An exact reproduction of the listing is wanted, with the pictures dropped.

**Source material:**

== Segment start ==

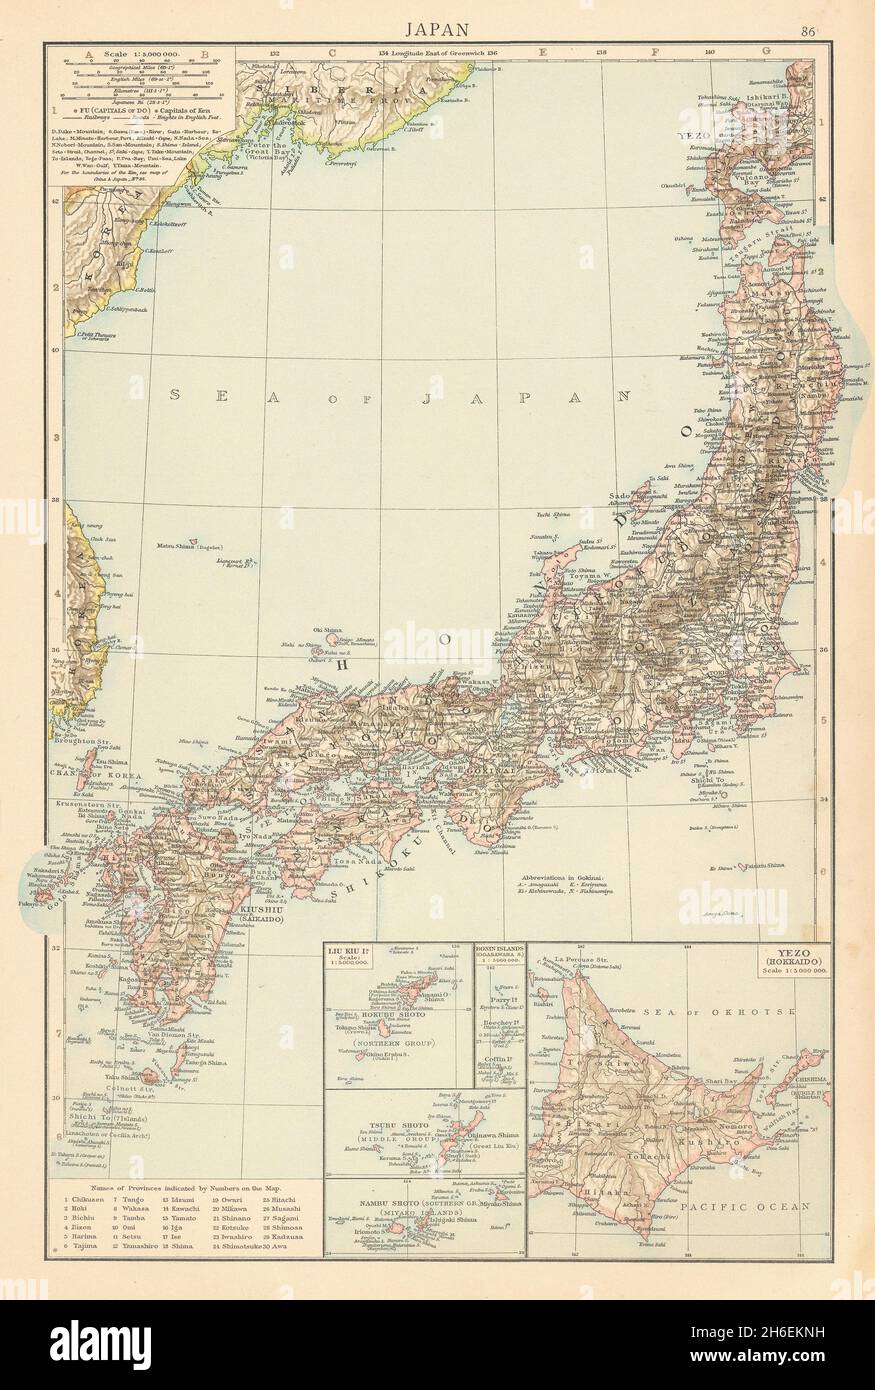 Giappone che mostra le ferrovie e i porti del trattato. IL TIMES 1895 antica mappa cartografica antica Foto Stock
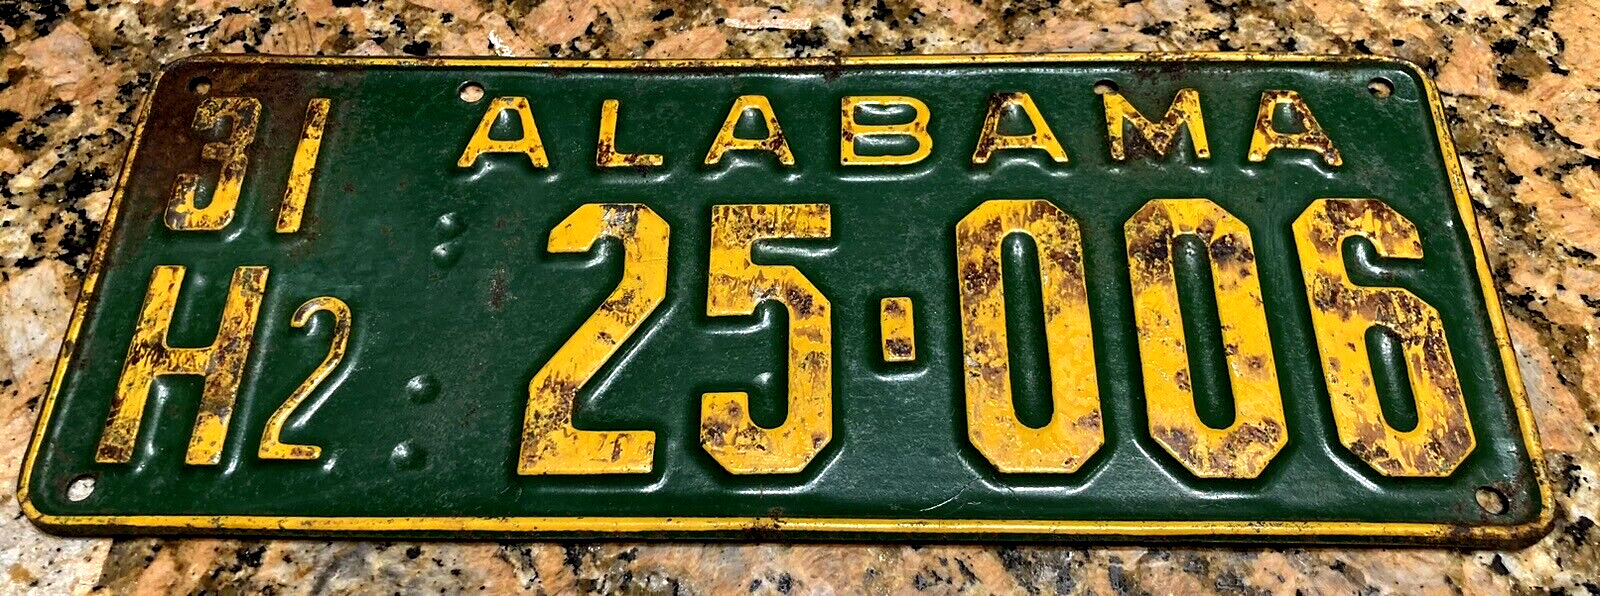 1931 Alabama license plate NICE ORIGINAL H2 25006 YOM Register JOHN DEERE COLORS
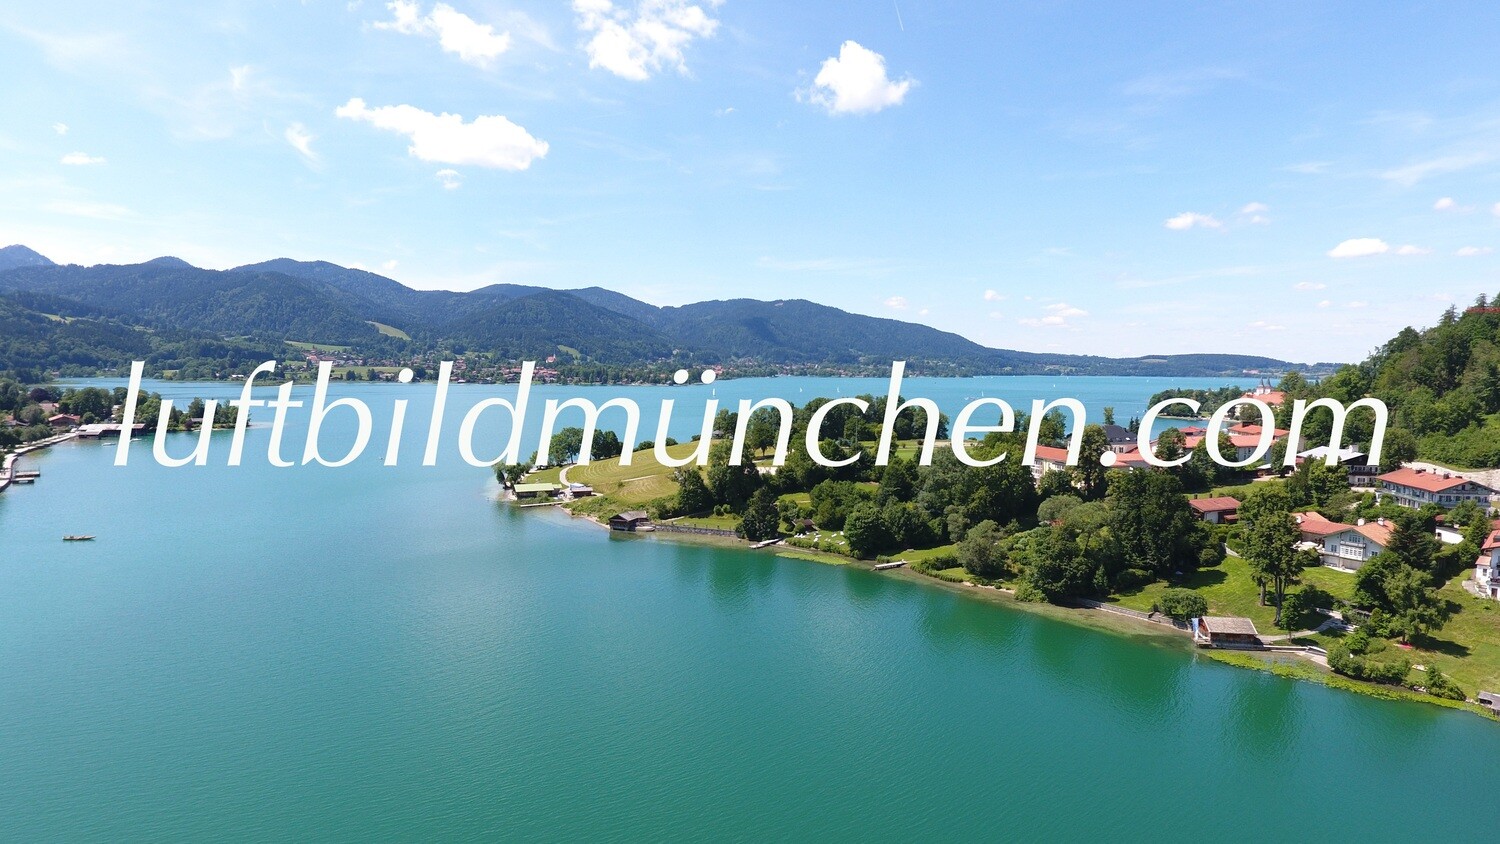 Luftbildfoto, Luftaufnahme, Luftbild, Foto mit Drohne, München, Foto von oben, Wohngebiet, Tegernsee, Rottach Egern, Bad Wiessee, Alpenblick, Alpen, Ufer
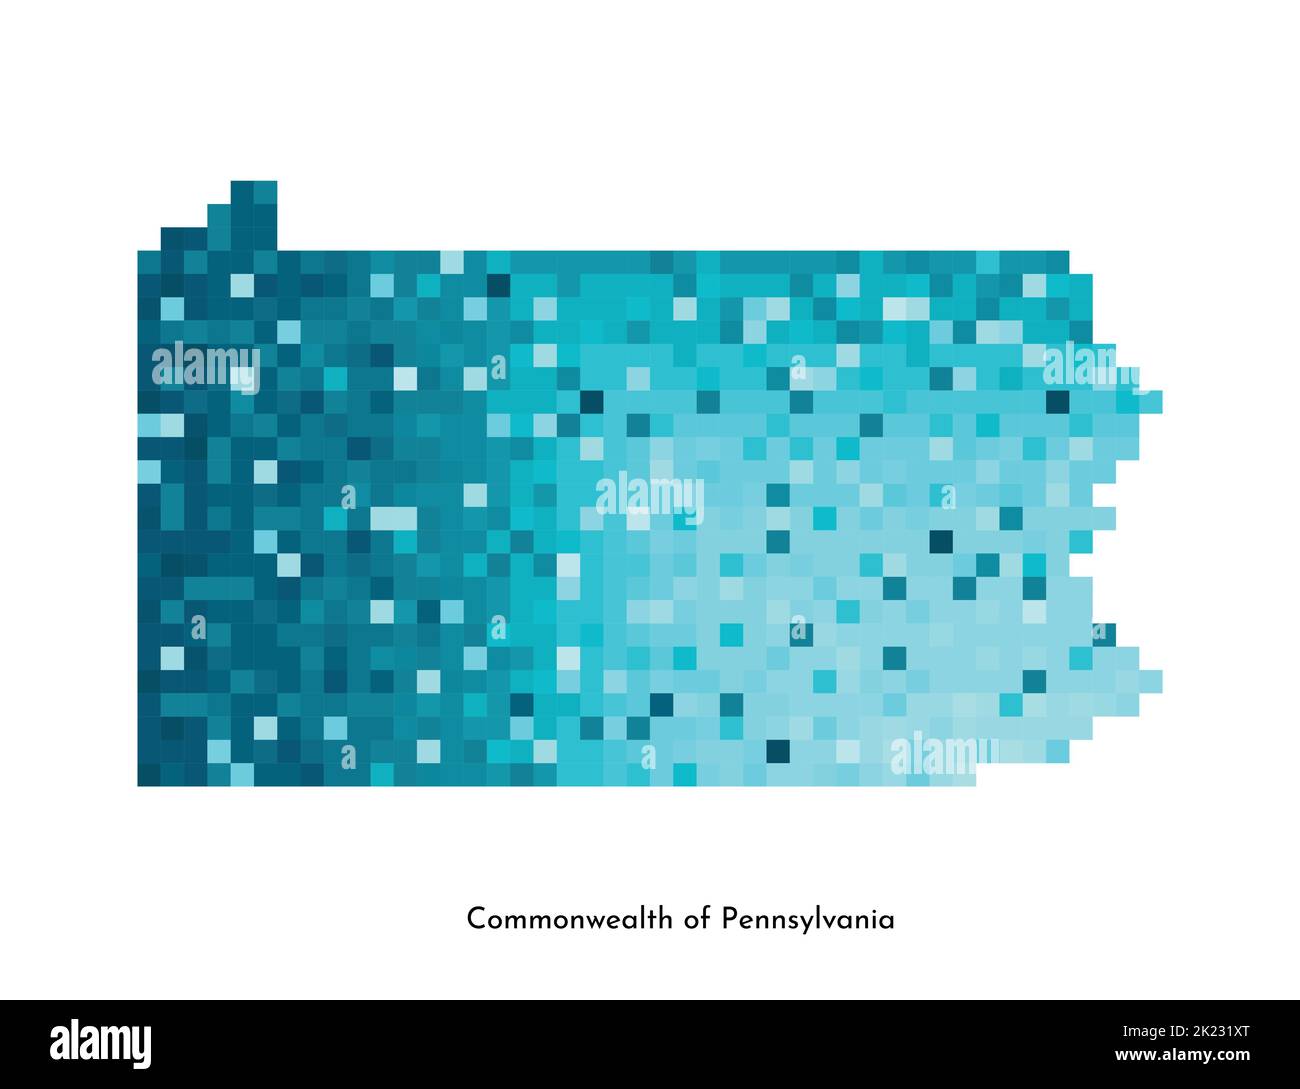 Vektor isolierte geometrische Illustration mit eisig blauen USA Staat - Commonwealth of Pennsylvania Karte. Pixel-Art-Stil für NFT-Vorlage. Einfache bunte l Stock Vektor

== Segment end ==

**Response to this exercise:**
 Giappone che mostra le ferrovie e i porti del trattato. IL TIMES 1895 antica mappa cartografica antica Foto Stock
 1931 Alabama license plate NICE ORIGINAL H2 25006 YOM Register JOHN DEERE COLORS
 Luftbildfoto, Luftaufnahme, Luftbild, Foto mit Drohne, München, Foto von oben, Wohngebiet, Tegernsee, Rottach Egern, Bad Wiessee, Alpenblick, Alpen, Ufer
 Vektor isolierte geometrische Illustration mit eisig blauen USA Staat - Commonwealth of Pennsylvania Karte. Pixel-Art-Stil für NFT-Vorlage. Einfache bunte l Stock Vektor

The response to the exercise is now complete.